Number of Hispanic Muslim converts growing


By TARA DOOLEY

Copyright 2002 Houston Chronicle Religion Writer



http://www.chron.com/cs/CDA/story.hts/front/1537375



Huevos rancheros for breakfast; fasulye for dinner.



It was not an unusual menu that graced the table one

recent Thursday at Patricia El-Kassir's west Houston

home.



For El-Kassir, a Mexican-American convert to Islam,

starting the day with the Mexican egg breakfast and

ending it with a Lebanese meat-and-bean dinner meant

nothing more than the merging of cultures easily found

in Islam.



"One of the things that brought me to Islam, that I

think is so beautiful, is that Muslims come from all

nations," said El-Kassir, whose husband is a native of

Lebanon.



"You can be Mexican and be a Muslim and be happy," she

added. "You don't have to be torn between two things."



Though Muslims may live in all nations, when El-Kassir

first accepted Islam 16 years ago as a 15-year-old

student at Bellaire High School, she was one of few

Hispanic Muslims at Houston-area mosques, she said.

She didn't meet another Hispanic Muslim until she was

an adult living in Lebanon.



Now when El-Kassir looks around at local gatherings of

Muslims, she sees others with roots in Latin America.

She even has friends with whom she can discuss the ins

and outs of halal meat in tamales.



"In the last couple of years, I know more and more

Muslims who are Hispanic," she said.



Some Hispanic Muslims in Houston say the general

public often assumes they are of Middle Eastern or

Pakistani origin because of their religion. But where

they once were an unrecognized "other" in demographic

studies of American Muslim communities, the number of

Hispanic converts to Islam is growing -- if

incrementally, some say.



"This phenomenon is quite old," said Sheikh Zoubir

Bouchikhi, Imam of the Islamic Society of Greater

Houston's Southeast mosque. Bouchikhi also teaches at

Masjid El Farouq, a west Houston mosque where

El-Kassir attends prayers and Quran classes.
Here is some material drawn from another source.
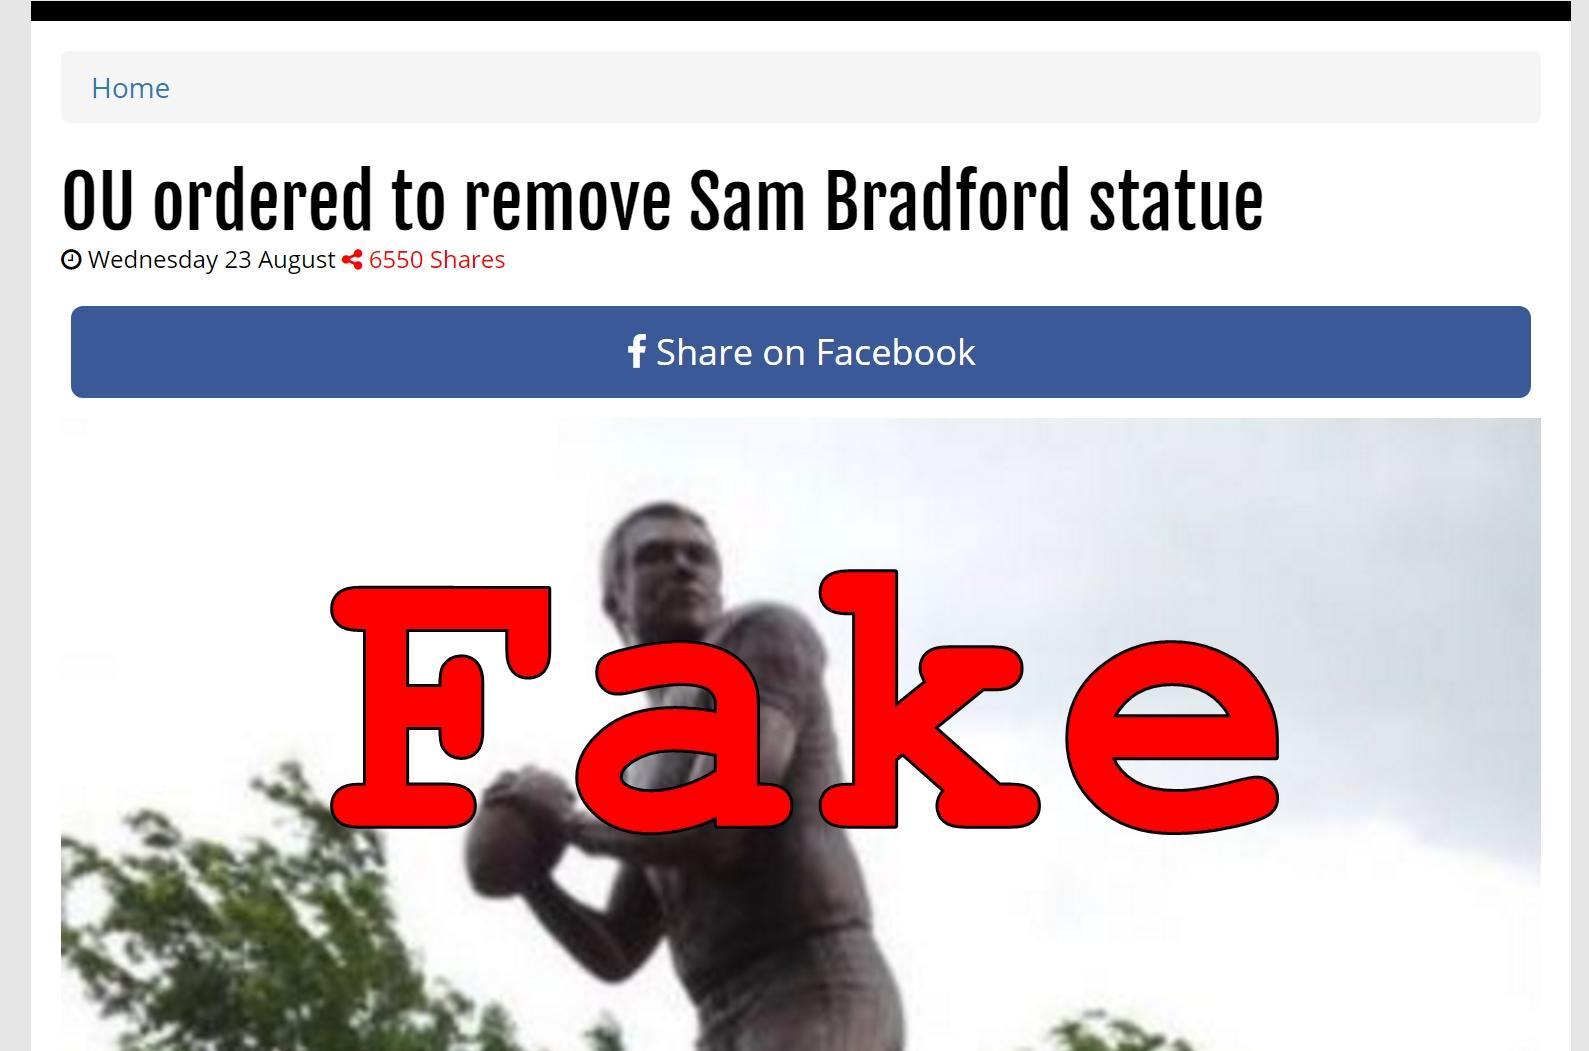 Fake News: University Of Oklahoma NOT Ordered To Remove Sam Bradford Statue

"It's not only in Houston but also all over the United

States," he said. "In the last five years we have an

increase in the number of people embracing Islam:

Latinos."



A study of mosques in the United States, published in

2001, indicated that about 6 percent of American

converts to Islam are Hispanic, said Ihsan Bagby, an

author of the report and associate professor of

Islamic studies at the University of Kentucky. About

27 percent of American converts are white, 64 percent

are African-American and 3 percent are a mixture of

other backgrounds, according to "The Mosque in

America: A National Portrait."



Statistics are hard to come by, Bagby said, but

Hispanics are becoming a significant minority of

American converts to Islam.



"I think what we see happening is that many of the

earlier Latino converts have developed more

sophisticated infrastructures, although it is in its

nascent form," Bagby said. "I think there is a lot

more available for Hispanic converts than in earlier

years."



Some of what is now available for Hispanic converts

comes from the Latino American Dawah Organization, a

group started about five years ago in New York City by

Samantha Sanchez and five friends.



Sanchez, who is studying for a doctorate in cultural

anthropology, had just become a Muslim and was

interested in discovering whether she and her friends

were the only Hispanic Muslims out there.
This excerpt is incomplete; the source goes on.